El voto que Lima no quiso entender, por Eliana Carlín

Los resultados de hoy son, también, el resultado de años de mirar sin ver. El establishment tiene ahora una oportunidad — no de corregir al votante, sino de aprender de él.

Mientras escribo estas líneas no parece estar completamente definido quién pasa a la segunda vuelta con Keiko Fujimori. El nivel de violencia mostrado por Rafael López Aliaga en los últimos días demuestra que un escenario con Renovación Popular en segunda vuelta estaría plagado de altisonancias y agresividad, pese a que el fujimorismo es ideológicamente su primo hermano.

De pasar a segunda vuelta Roberto Sánchez, como parecen indicar la mayoría de proyecciones, vendría hacia delante una campaña con una polarización enorme, probablemente con violencia interpersonal en varios niveles y la aparición de nuestras peores fracturas como sociedad. Una reedición de lo ocurrido en 2021, pero como una secuela no esperada por muchos.

Roberto Sánchez, de Juntos por el Perú, se encuentra disputando ahora mismo su pase a segunda vuelta. Me detengo en este punto para reflexionar sobre los denodados esfuerzos que se han venido desarrollando desde distintas organizaciones, empresas y personas naturales para impedir que esto ocurra. Más concretamente, para buscar que los peruanos no voten por una alternativa similar a esta. Sin ánimo de hacer una crítica árida, estos resultados muestran que el establishment se sigue mirando el ombligo.

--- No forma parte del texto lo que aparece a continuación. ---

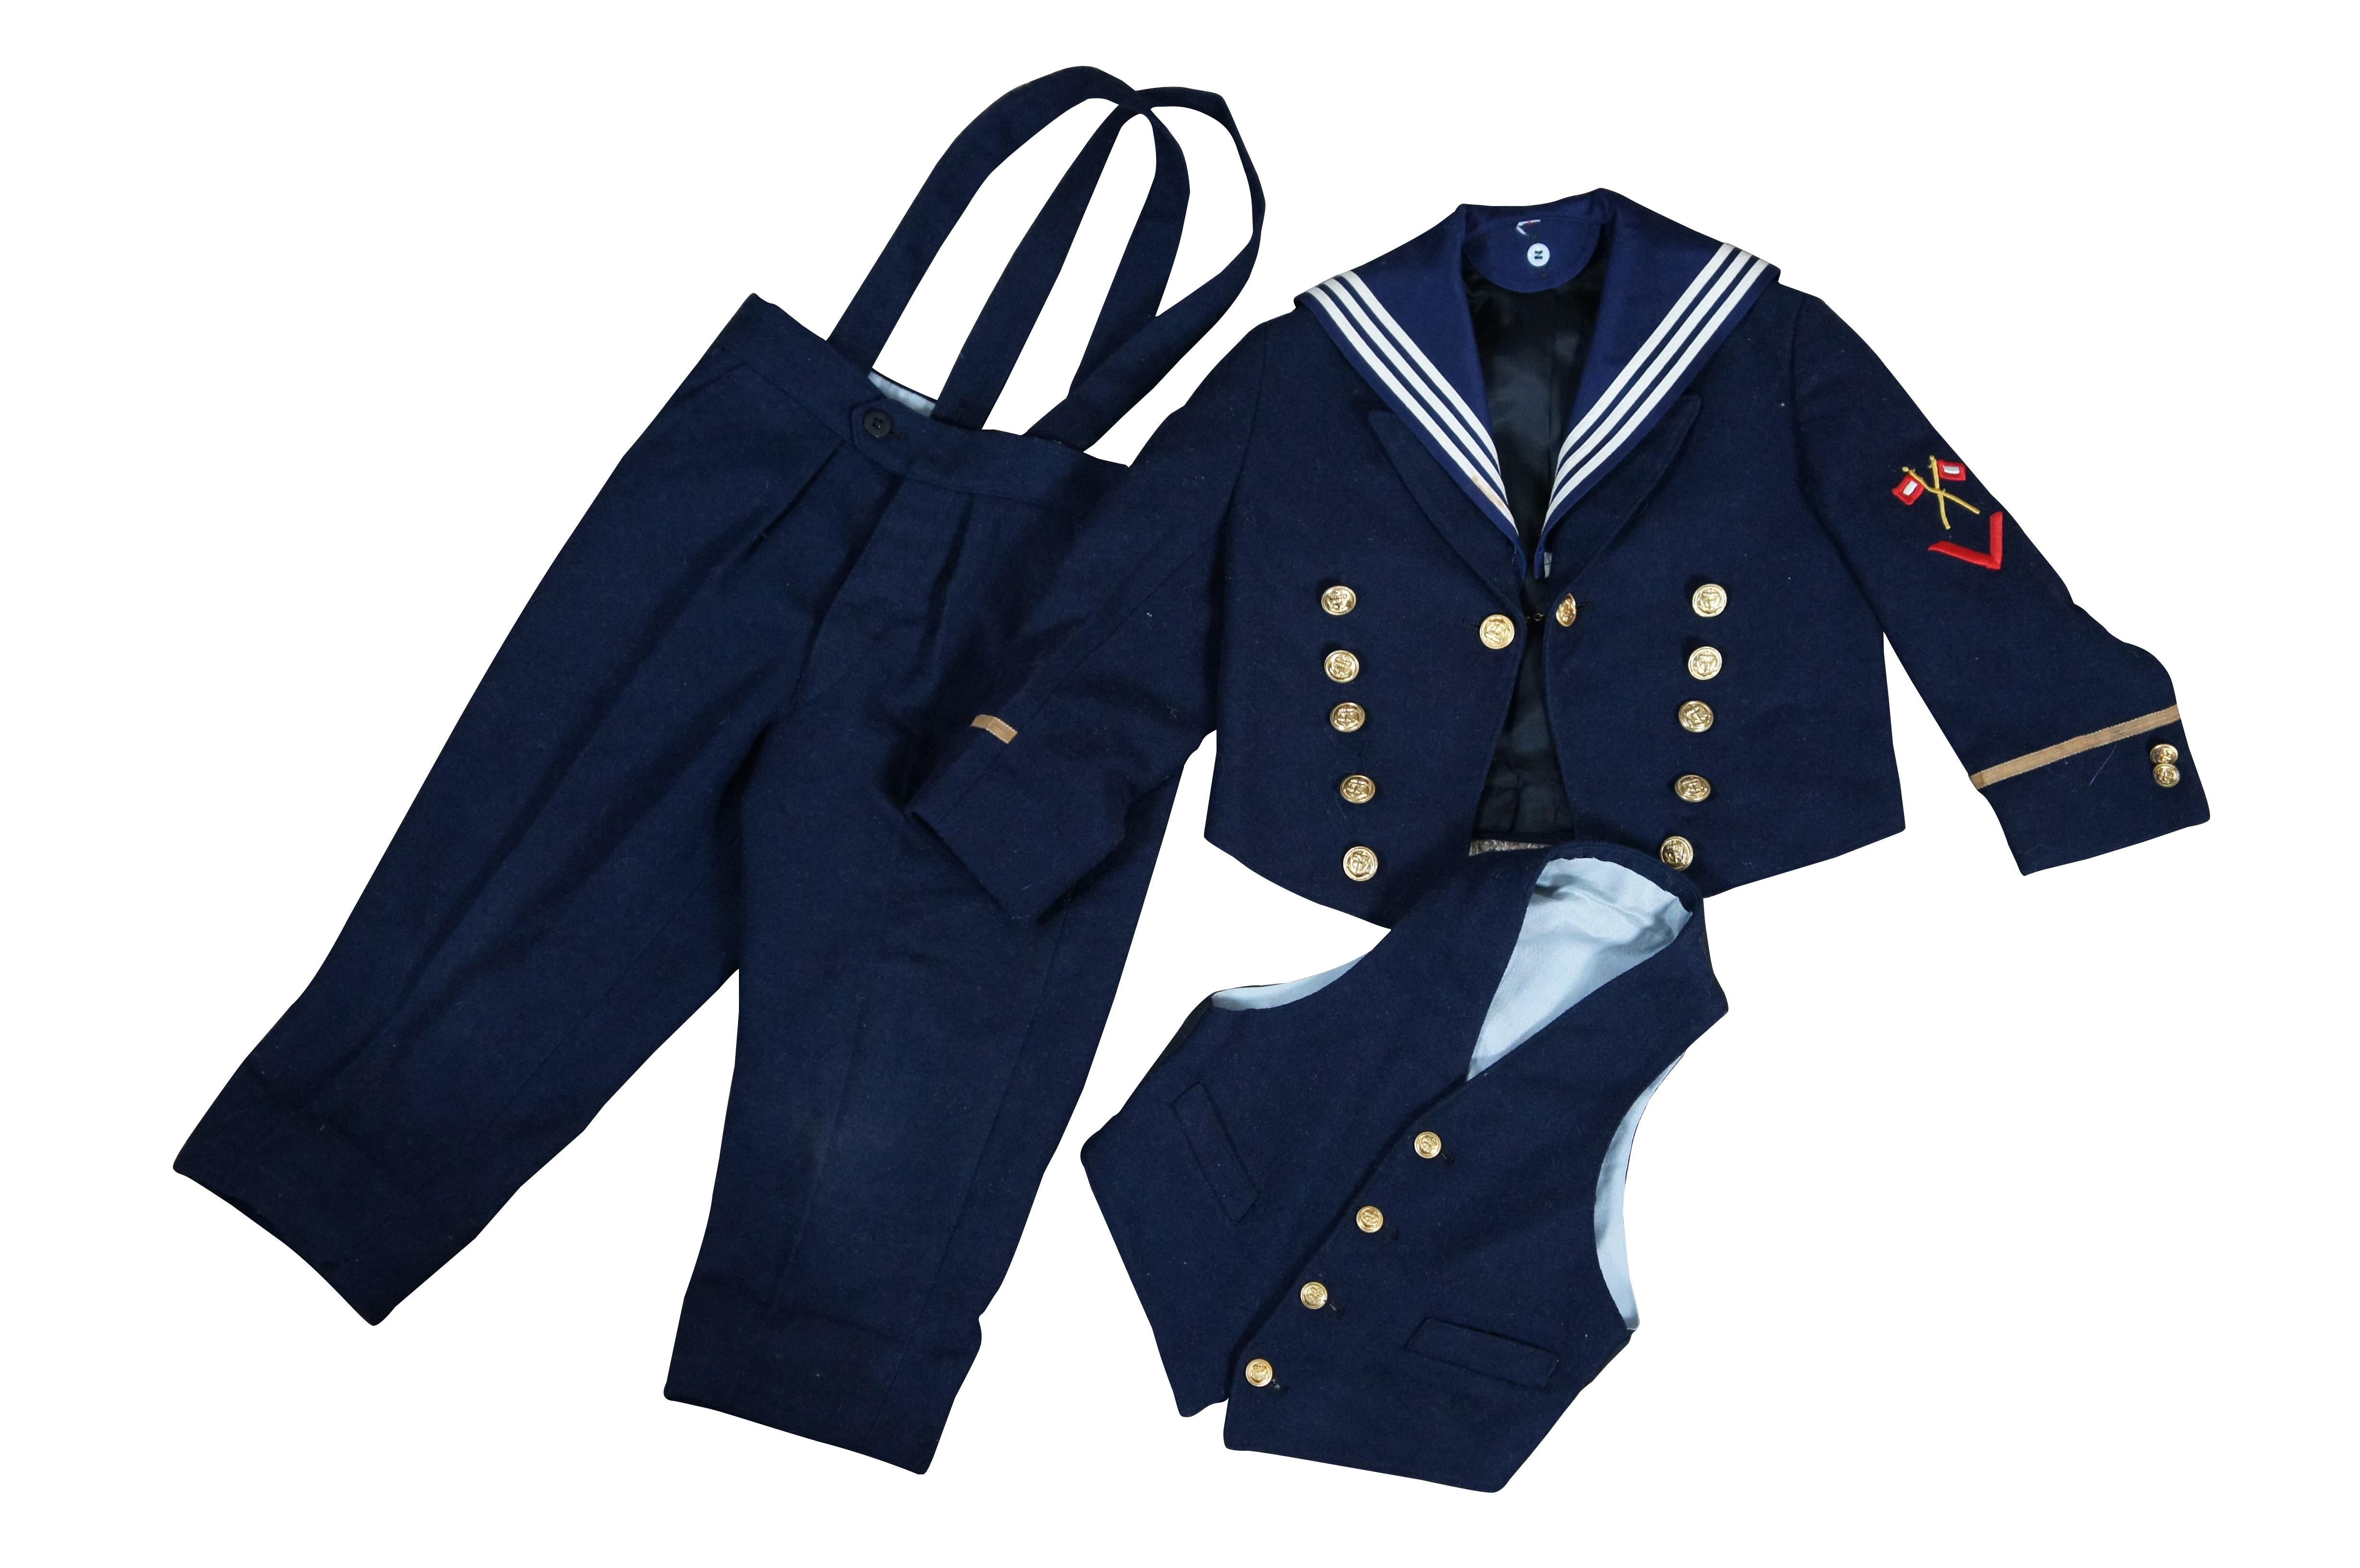 Antiker deutscher dreiteiliger Uniform- oder Matrosenanzug in Kleinkind-/Kinder-/Puppengröße aus den 1930er Jahren.  Aus marineblauer Wolle, mit Mantel, Weste und Hose mit weißen Streifen und goldenen Knöpfen.  Die Uniform ist wie eine Uniform der

Si bien creo que parte desde una intención buena, querer enseñarle civismo a las personas para civilizar sus votos y sus percepciones sobre la sociedad es un enfoque errado y paternalista. Ha llegado el momento de asumir humildemente que desde el establishment limeño se necesita aprender, si de verdad se busca tener una república posible, vivible. ¿Qué genera el voto anti-establishment?, ¿por qué el mayor clivaje que tenemos hoy es Lima-regiones?, ¿hemos hecho lo suficiente para abordar las brechas sociales que nos afectan hoy?

Los resultados de hoy son, también, el resultado de años de mirar sin ver. El establishment tiene ahora una oportunidad —no de corregir al votante, sino de aprender de él. De entender, de una vez, que la república posible no se construye desde arriba hacia abajo. Se construye cuando alguien, por fin, decide escuchar de verdad.